Nearby, we have quaint towns like Amherst, nestled in between some of the best universities in the nation. We have thriving arts communities in Northampton, which has a long history of social justice movements. Many of the people who live in these predominantly white, middle-income communities are standing out in the streets, justly chanting “I can’t breathe!” and holding signs that read, “Defund the Police.”

Yet, right next to these communities, we have one of the poorest communities in the state and all the violence and suffering that comes with poverty. I wonder where our neighbors are when there is not a national crisis. Where are they when there is not a protest? I don’t see them in our city.

Where were they a few months ago when Holyoke tried to build two new middle schools for its impoverished students? Where were they when educators told the public about classrooms with no windows, walls caked in mold, roofs that leak when it rains? Where were they when school supporters (just a handful) spent nights calling residents and knocking on doors, asking them to help pay for these schools?

Where were they when we listened to an onslaught of racist remarks, when we argued against city leaders telling lies? Where were they when the city voted against building those middle schools, when the city voted to keep another generation of students in a cycle of poverty that allows for many of the injustices they cry out against in protests?

They were in nearby towns in homes walled in by invisible boundaries based on income and race, in neighborhoods created and supported by the types of supremacy (both white and income-based) they claim to fight against. They had turned away from cities like Holyoke long ago, allowing them to remain in the dark.

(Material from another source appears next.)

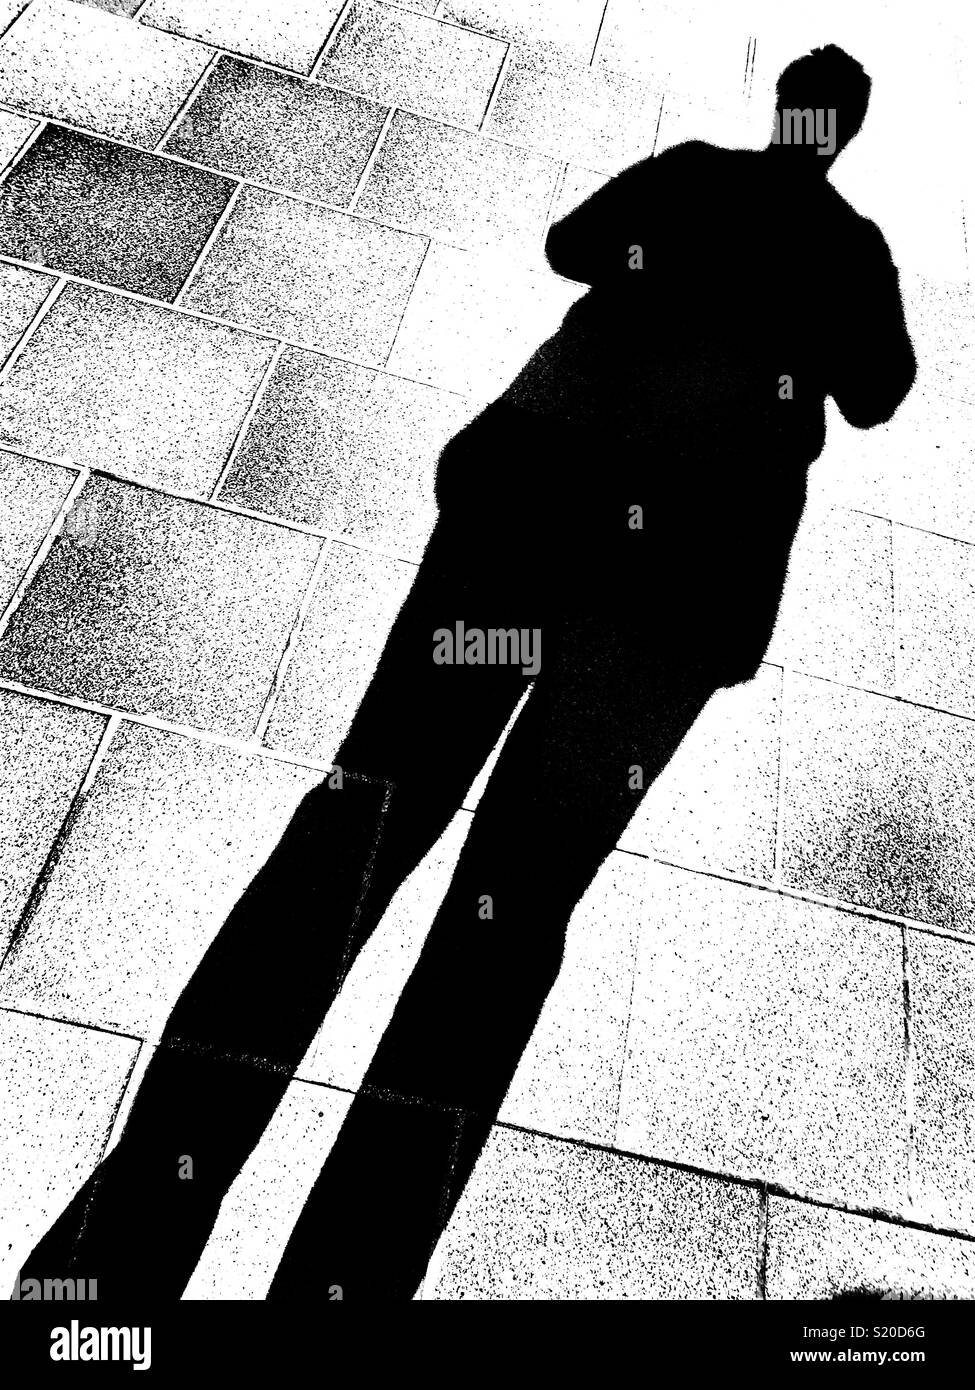 Human shadow on a tiled floor, monochrome Stock Photo

What will they say as our city’s students return to falling apart buildings next fall? Will they remain silent? Will they continue keeping Holyoke and other cities like us in the dark where abuses thrive?

Their choice not to go to a restaurant, a hardware store or a grocery store in a low-income area keeps our economy from growing. Their choice not to move into one of our neighborhoods keeps tax dollars from paying for training of our police officers or improving a park where our children can play.

Their decision to “choice” their children out of public schools (or refuse to move into our community because of our public schools) keeps our schools in shambles and our citizens disempowered.

They have created the stage where many abuses are acted out, and now they sit in their comfortable seats in the audience, watching, and sometimes standing up in protest before they return home.

Patrick O’Connor is a Holyoke resident.